The government has acknowledged Anti Money Laundering (AML) regulations ‘are seen as a major burden’ to professional business service firms, and has pledged to reform the controversial rules by the end of the year.

Writing in the Professional and Business Services Sector Plan, which sets out details of the UK’s Modern Industrial Strategy for the sector, the government stressed that the regulations are ‘a vital tool’ in safeguarding against money laundering and terrorist financing risk. However, the plan acknowledged ‘the importance of ensuring the MLRs are clear and proportionate to the risk’. It continued:

“Before the end of this year, HM Treasury will therefore bring forward a package of changes to the MLRs aimed at improving their effectiveness.”

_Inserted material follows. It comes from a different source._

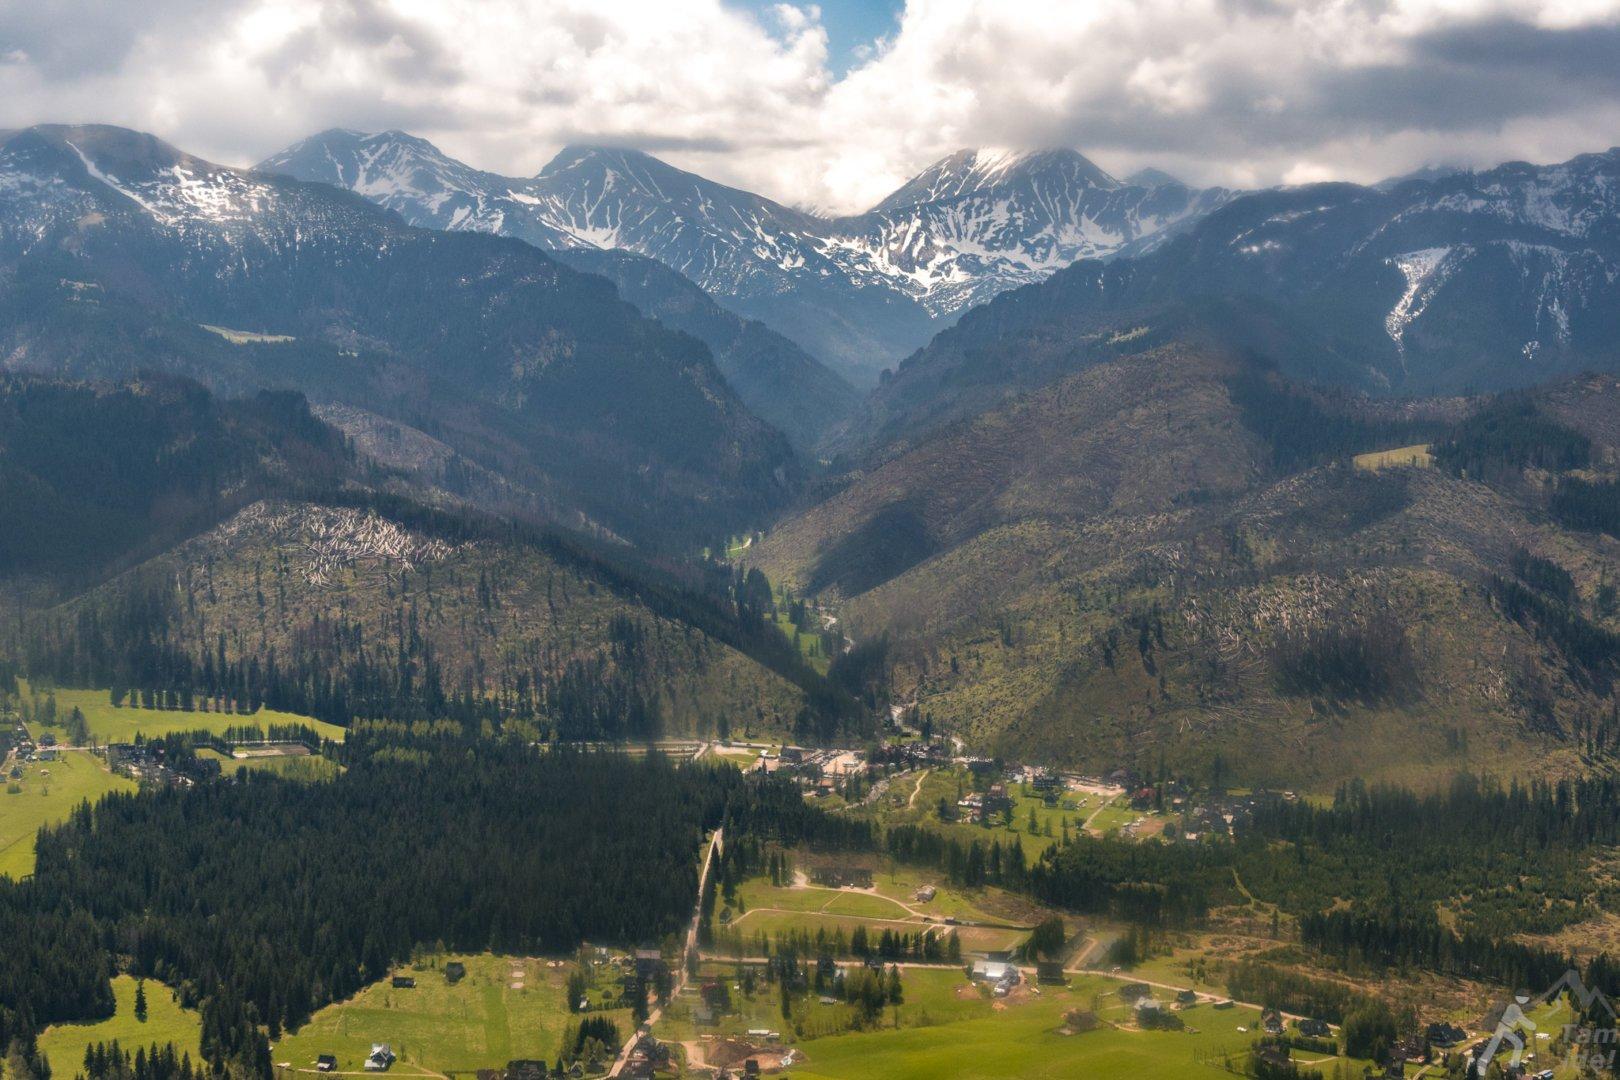 Dolina Kościeliska panorama z góry

Although the plan doesn’t specify what the changes will be, the government says it will ‘take steps to encourage the use of digital identity’ to aid money laundering processes.

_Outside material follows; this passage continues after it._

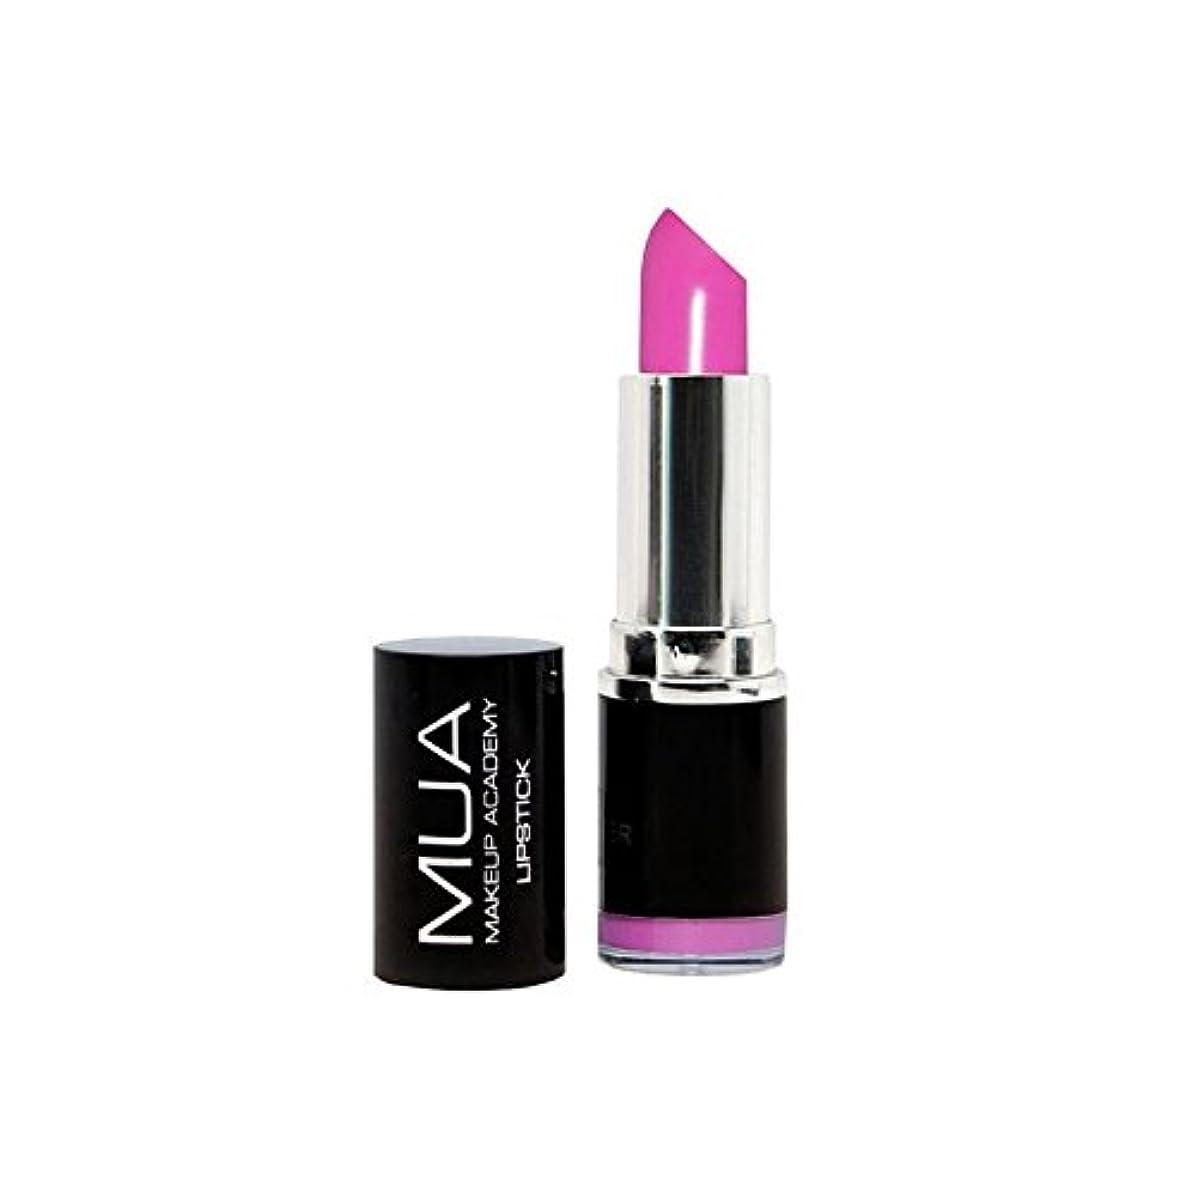 第九すべて前にMUA Lipstick - Persian Rose (Pack of 6) - の口紅 - ペルシャローズ x6 [並行輸入品]

The announcement was welcomed by the Law Society of England and Wales, with president Richard Atkinson calling for ‘a proportionate system and greater clarity for the legal sector’.

He added:

“In our response to the government’s consultation last year, we outlined our views and are pleased to see the government’s recognition of the disproportionate burdens current AML regulations place on law firms, particularly smaller practices.  

“Legal professionals are committed to fighting financial crime, but compliance measures must be proportionate, targeted and risk-based to be effective without stifling access to justice or placing undue strain and financial cost on firms and practitioners. 

“We support a regulatory approach that values the expertise and integrity of the legal sector while ensuring the AML obligations are streamlined, coherent and fair.  

“We will continue to engage with policymakers to ensure that any reforms strike the right balance between robust AML controls and practical compliance for the legal profession.” 

With the Solicitors Regulation Authority saying it will increase enforcement of AML regulations this year, the news that reform will bring greater clarity and proportionality should come as a relief to firms.

Financial penalties of increasing size and number have led one regulation expert to question whether firms would be better off by ignoring the rules altogether. In response to one firm being fined £64,000 for AML breaches, Brian Rogers, regulatory director at Access Legal, said:

“Based on figures I have used in previous posts (£300ph x 5 hours pw), this firm could have been better off by over £400,000 over the six years for ignoring its AML obligations and focusing on fee earning (as with previous firms, I am not saying this firm actively chose non-compliance over compliance).

“Even if the figures were £300ph x 1 hour pw, the firm would still have been £29,600 better off being non-compliant over the six years! As I have said before, I am not condoning non-compliance, but when you look at the above figures you can see why some firms may be tempted to choose the non-compliance road!”